- EXERCISE OBJECTIVE: Copy all the lines of the listing below exactly. Skip the images.

- AVAILABLE DATA:

+ + +

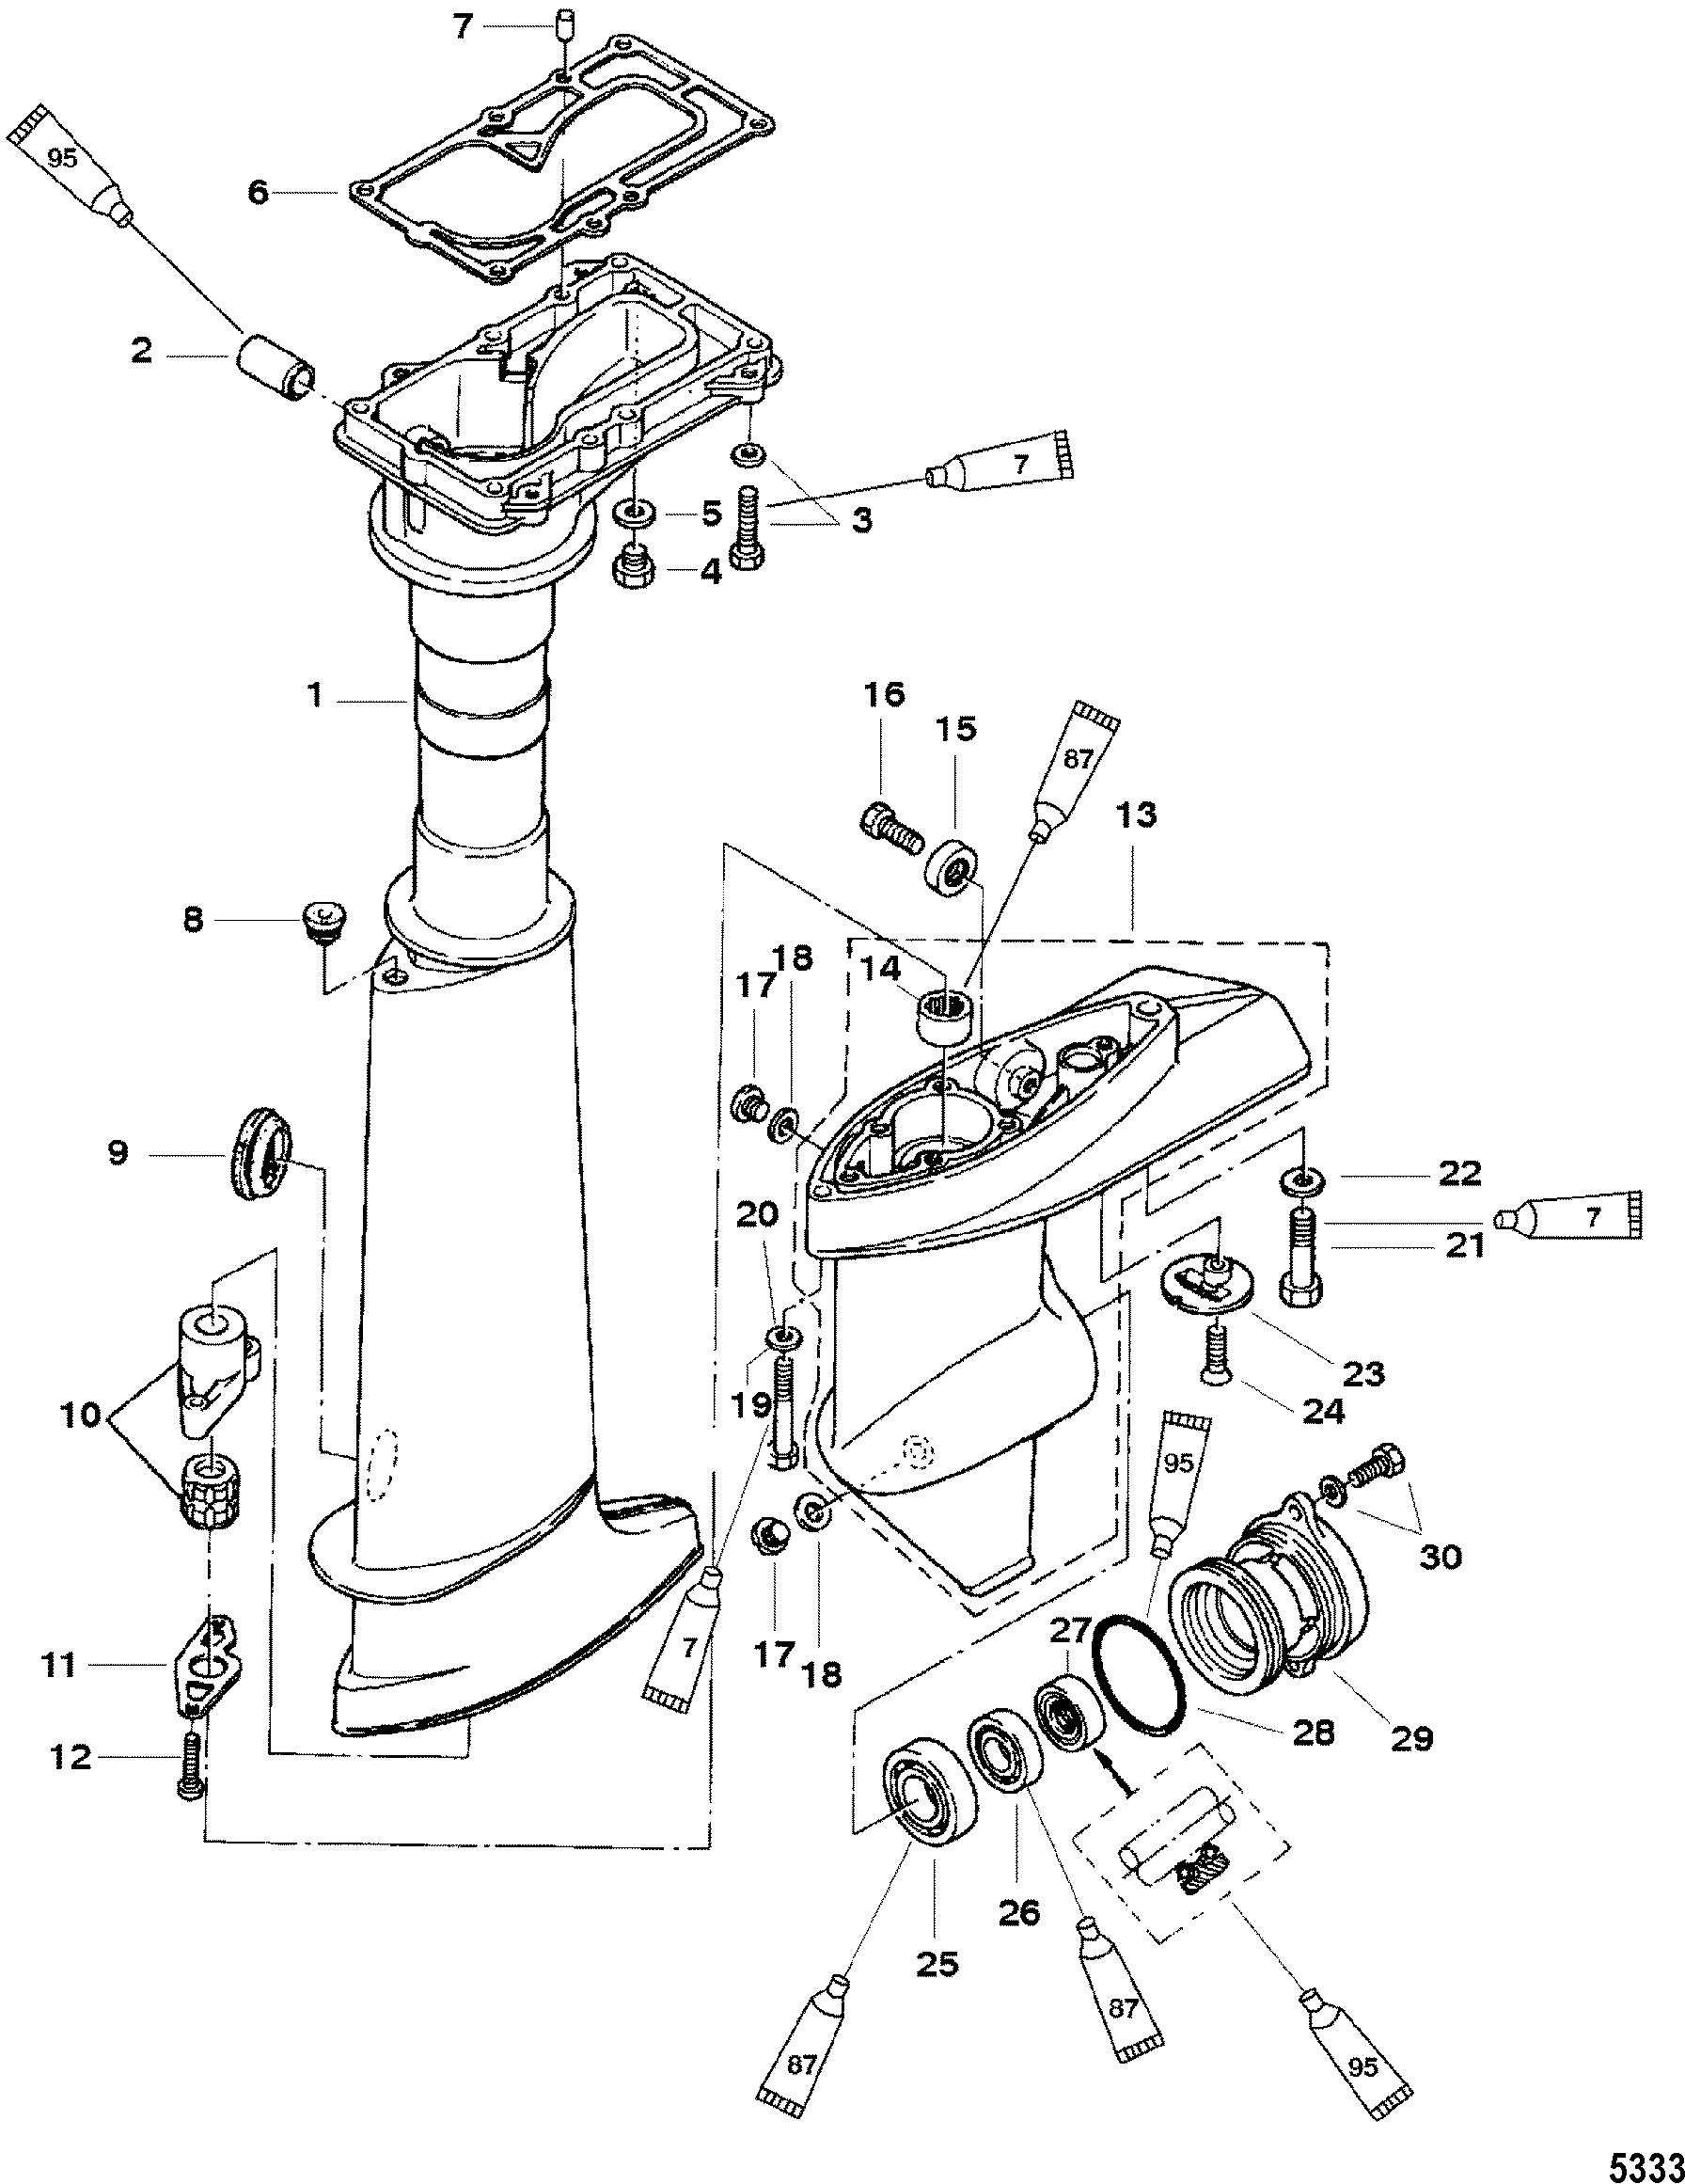 1973 evinrude wiring diagram v4
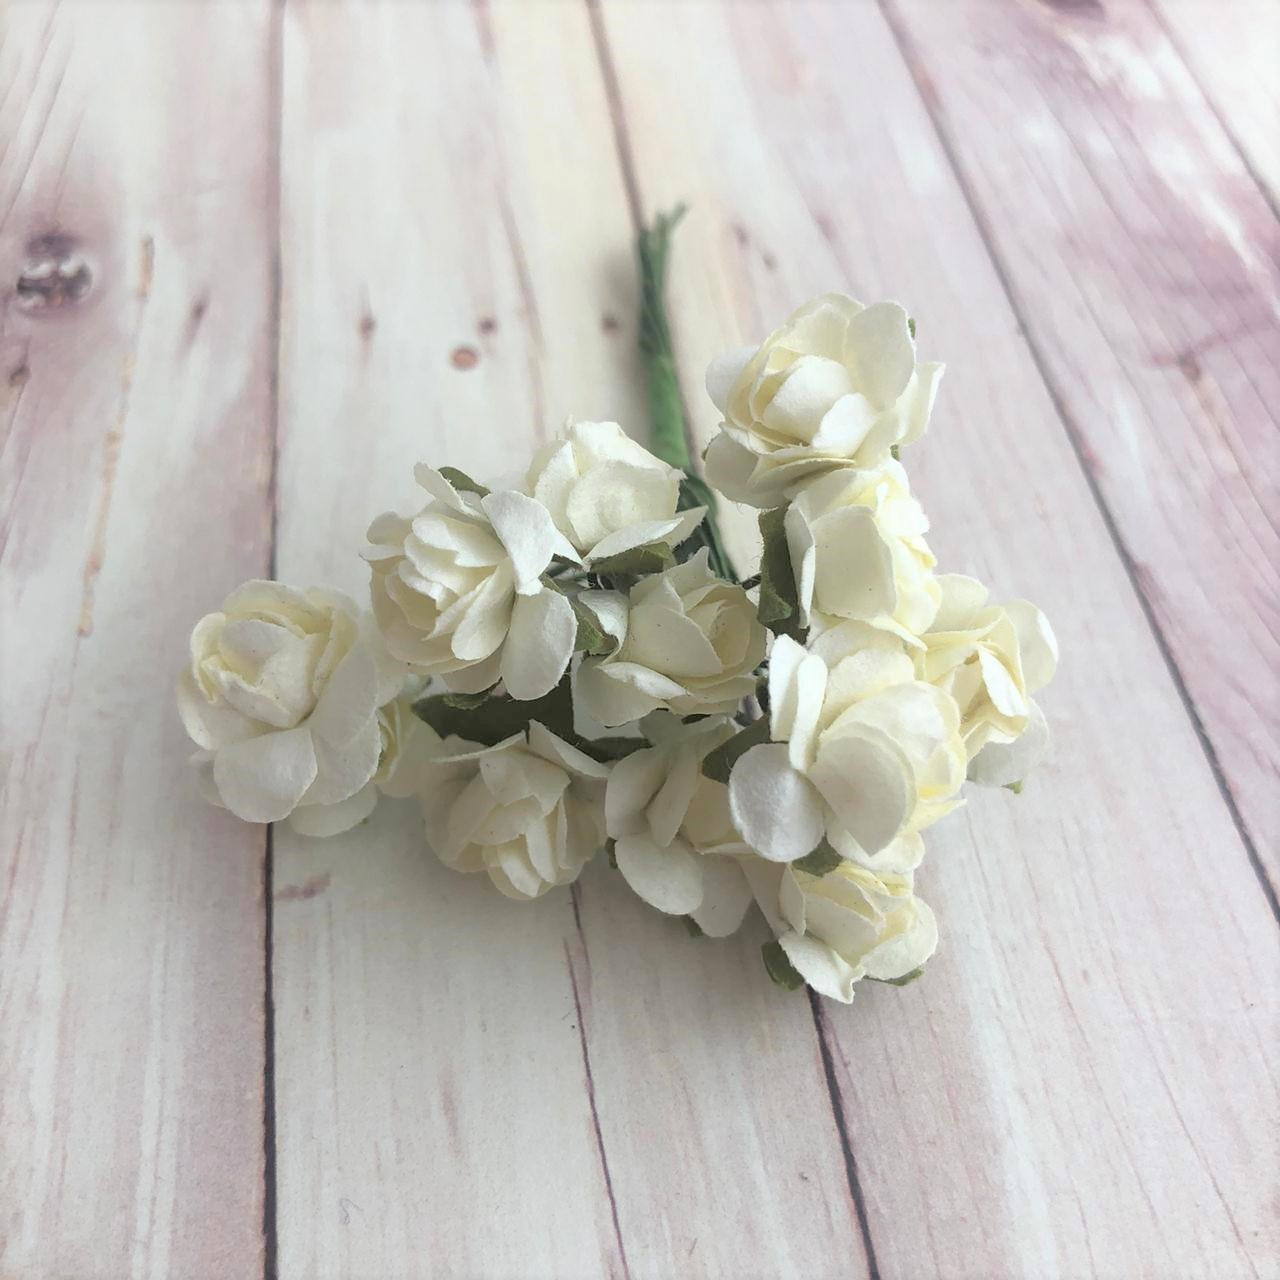 Mói de flor - Bege (MF-11)
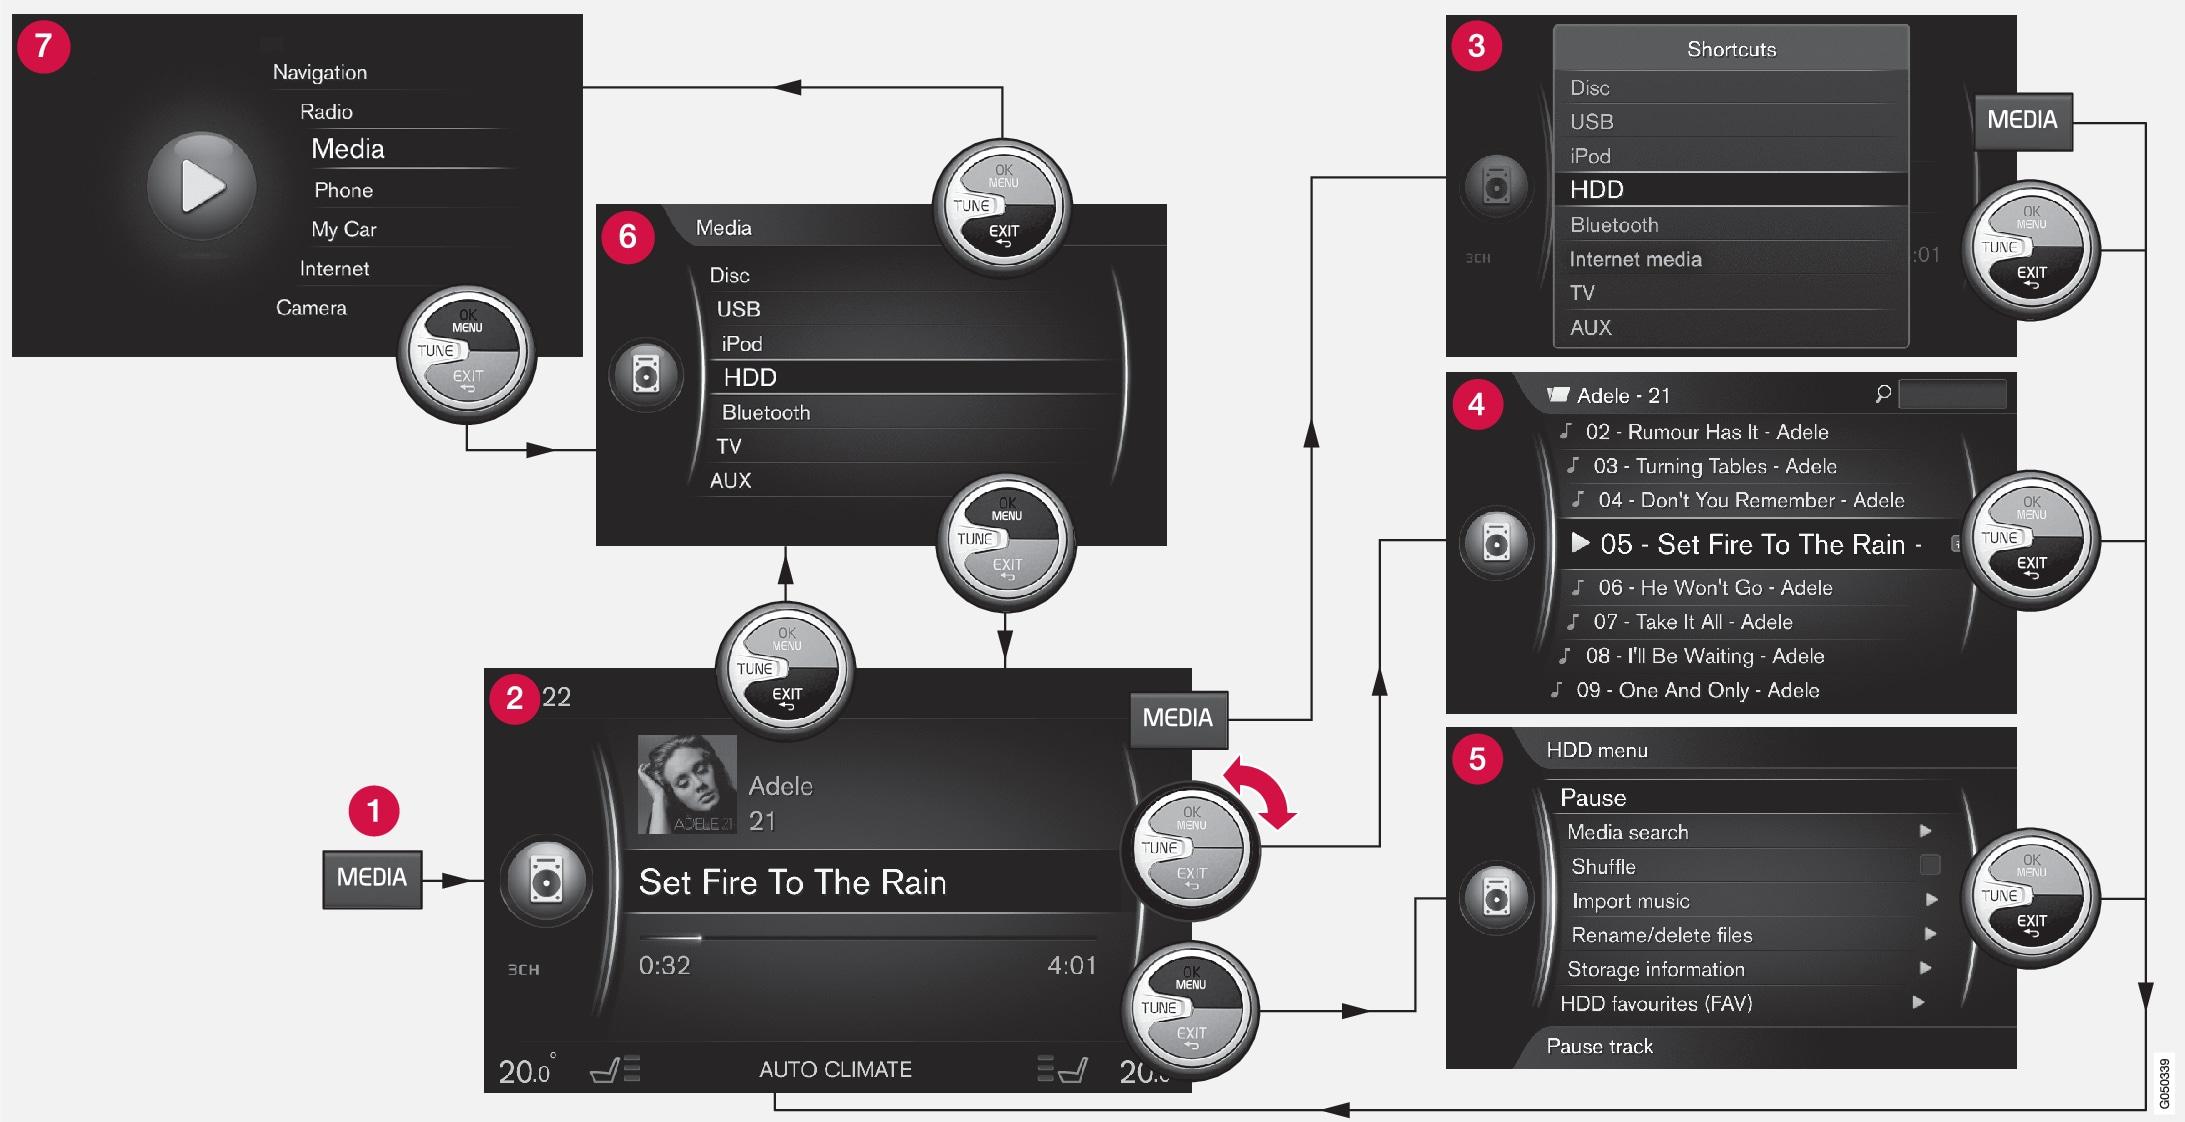 P3-1346-x60-Menu handling_Flow chart

+ + +

- SOLUTION:
 1973 evinrude wiring diagram v4
 Mói de flor - Bege (MF-11)
 P3-1346-x60-Menu handling_Flow chart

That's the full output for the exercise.